Directions:
Every line below from the one with "Emozioni forti vissute" through the one with "Dưỡng tóc Yanagiya" should be retyped exactly, both ends included; no other lines and no pictures.

** Material for this exercise follows **

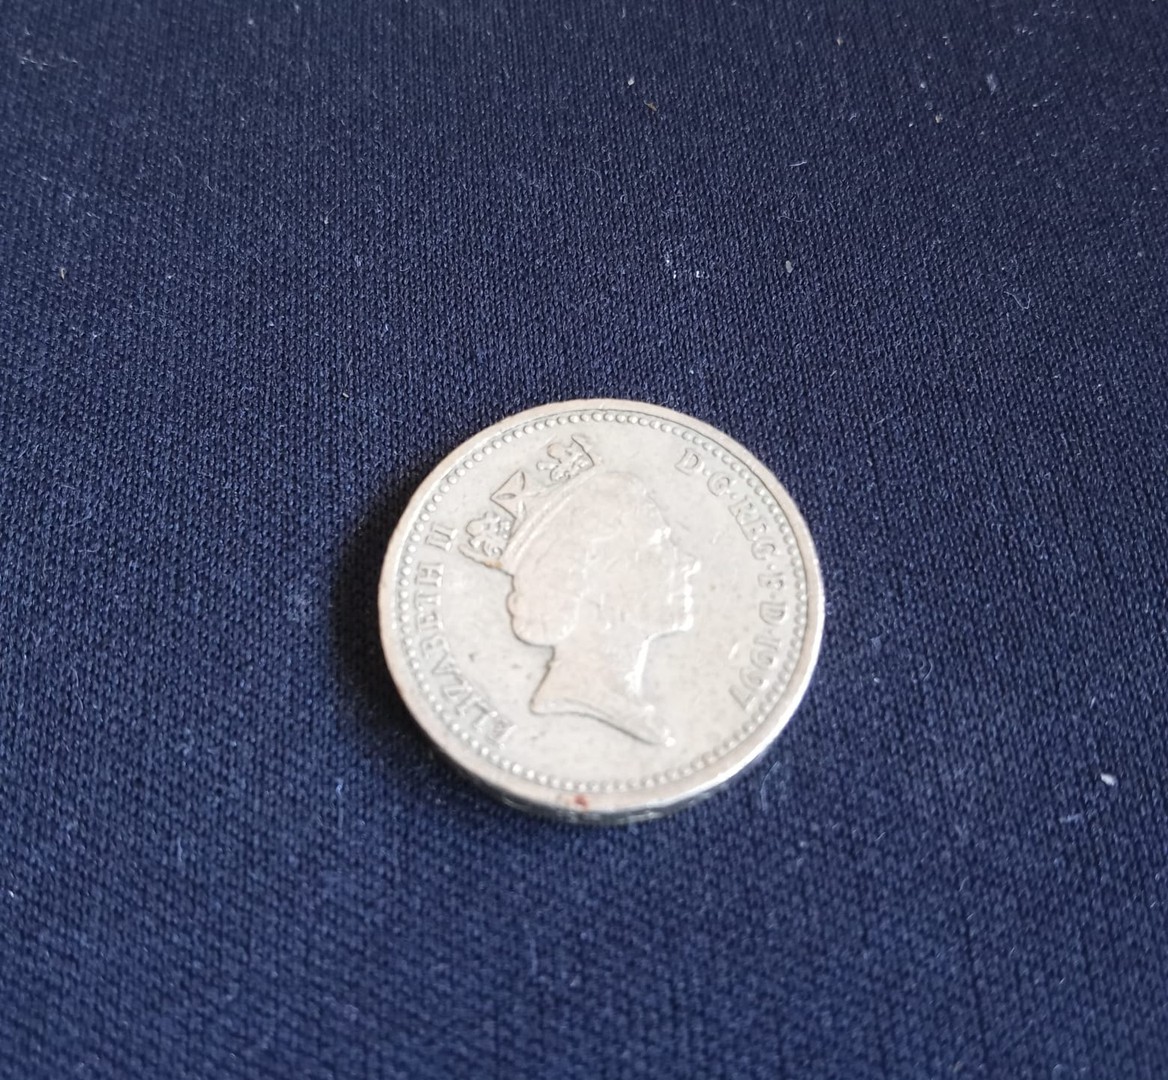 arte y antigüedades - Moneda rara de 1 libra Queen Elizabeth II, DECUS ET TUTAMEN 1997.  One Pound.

** End of Material for this exercise **
** Material for this exercise follows **

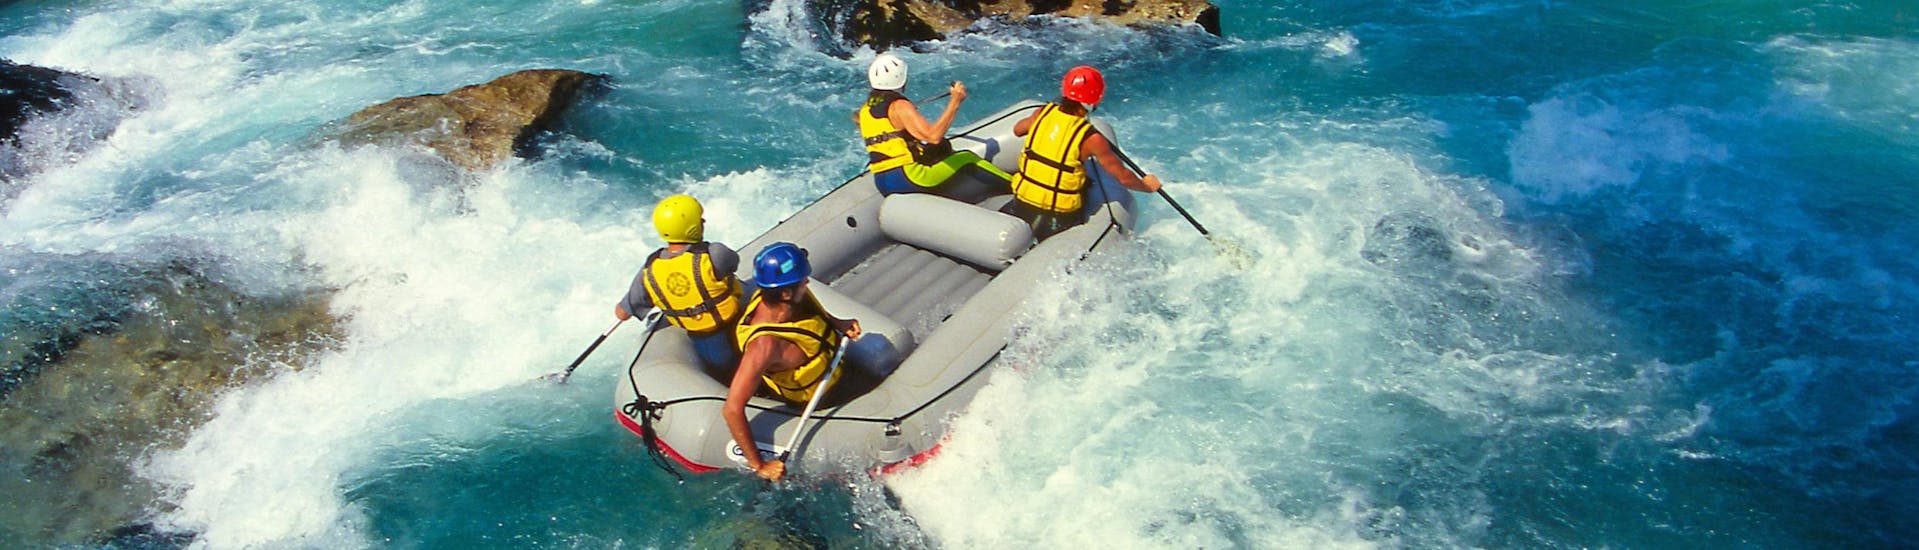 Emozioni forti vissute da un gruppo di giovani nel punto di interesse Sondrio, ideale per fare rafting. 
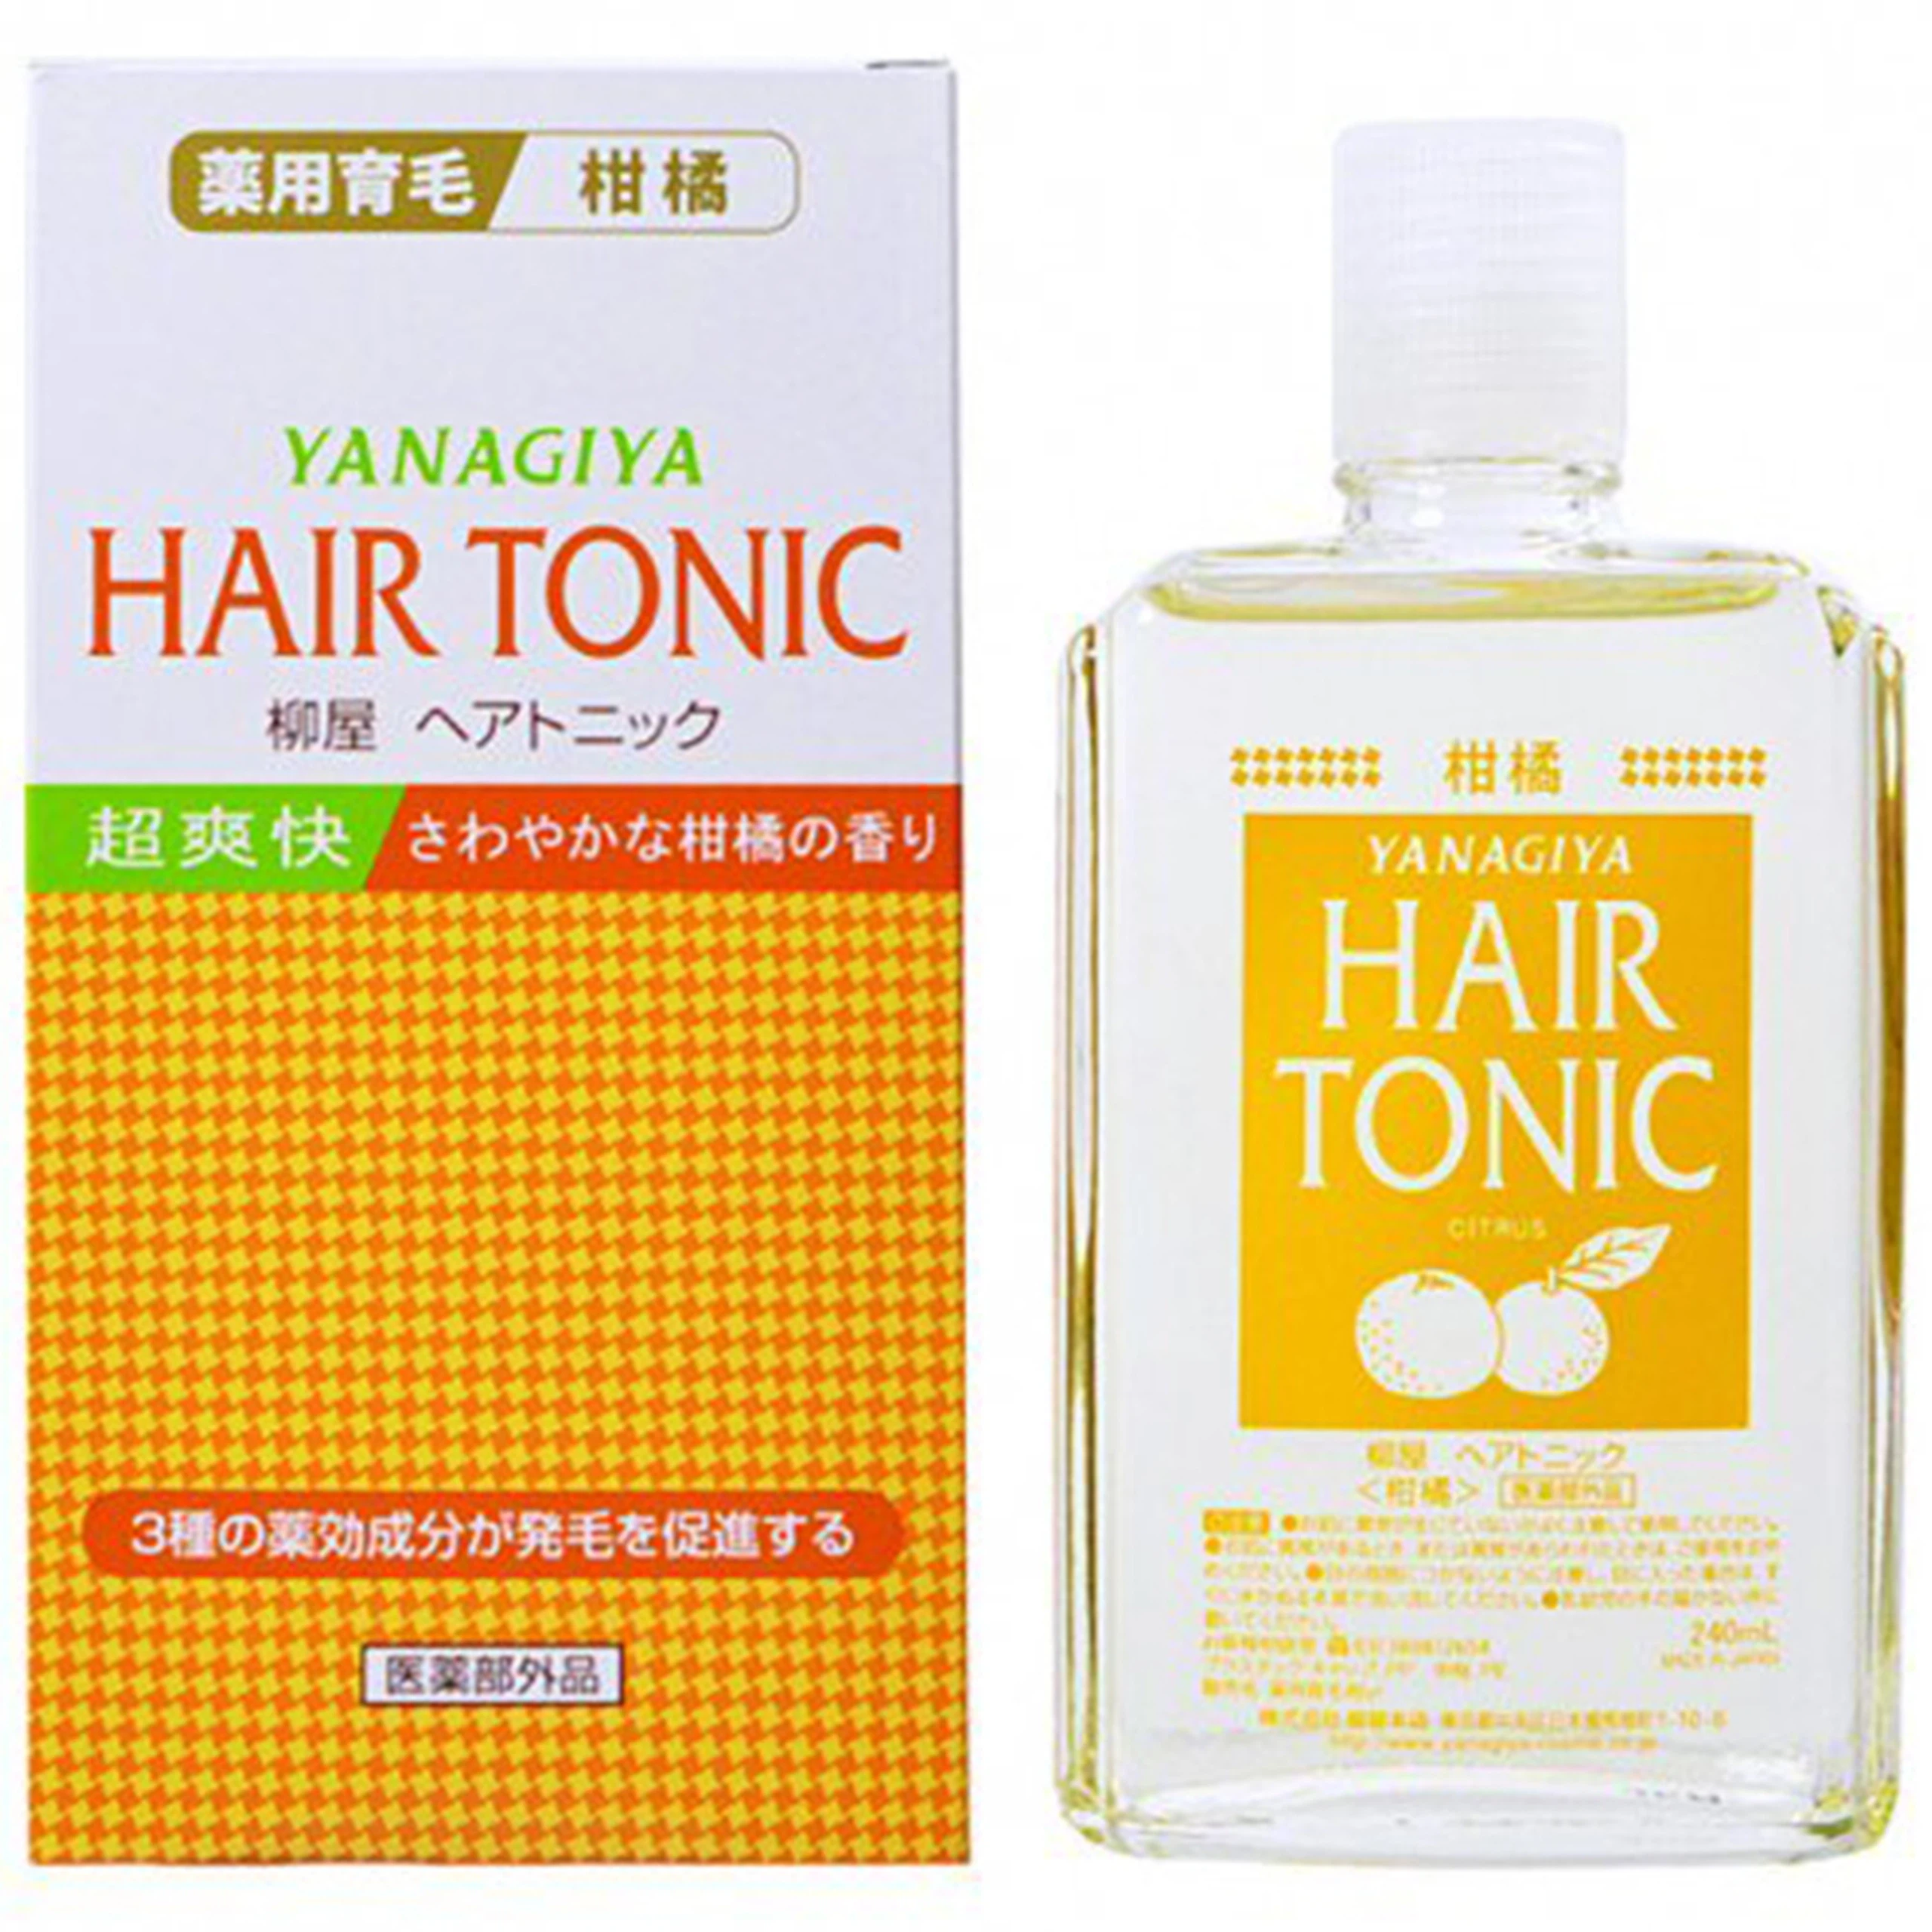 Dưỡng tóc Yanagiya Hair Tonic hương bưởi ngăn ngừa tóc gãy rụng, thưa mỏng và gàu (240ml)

** End of Material for this exercise **

Response to this task:
 Emozioni forti vissute da un gruppo di giovani nel punto di interesse Sondrio, ideale per fare rafting. 
 Dưỡng tóc Yanagiya Hair Tonic hương bưởi ngăn ngừa tóc gãy rụng, thưa mỏng và gàu (240ml)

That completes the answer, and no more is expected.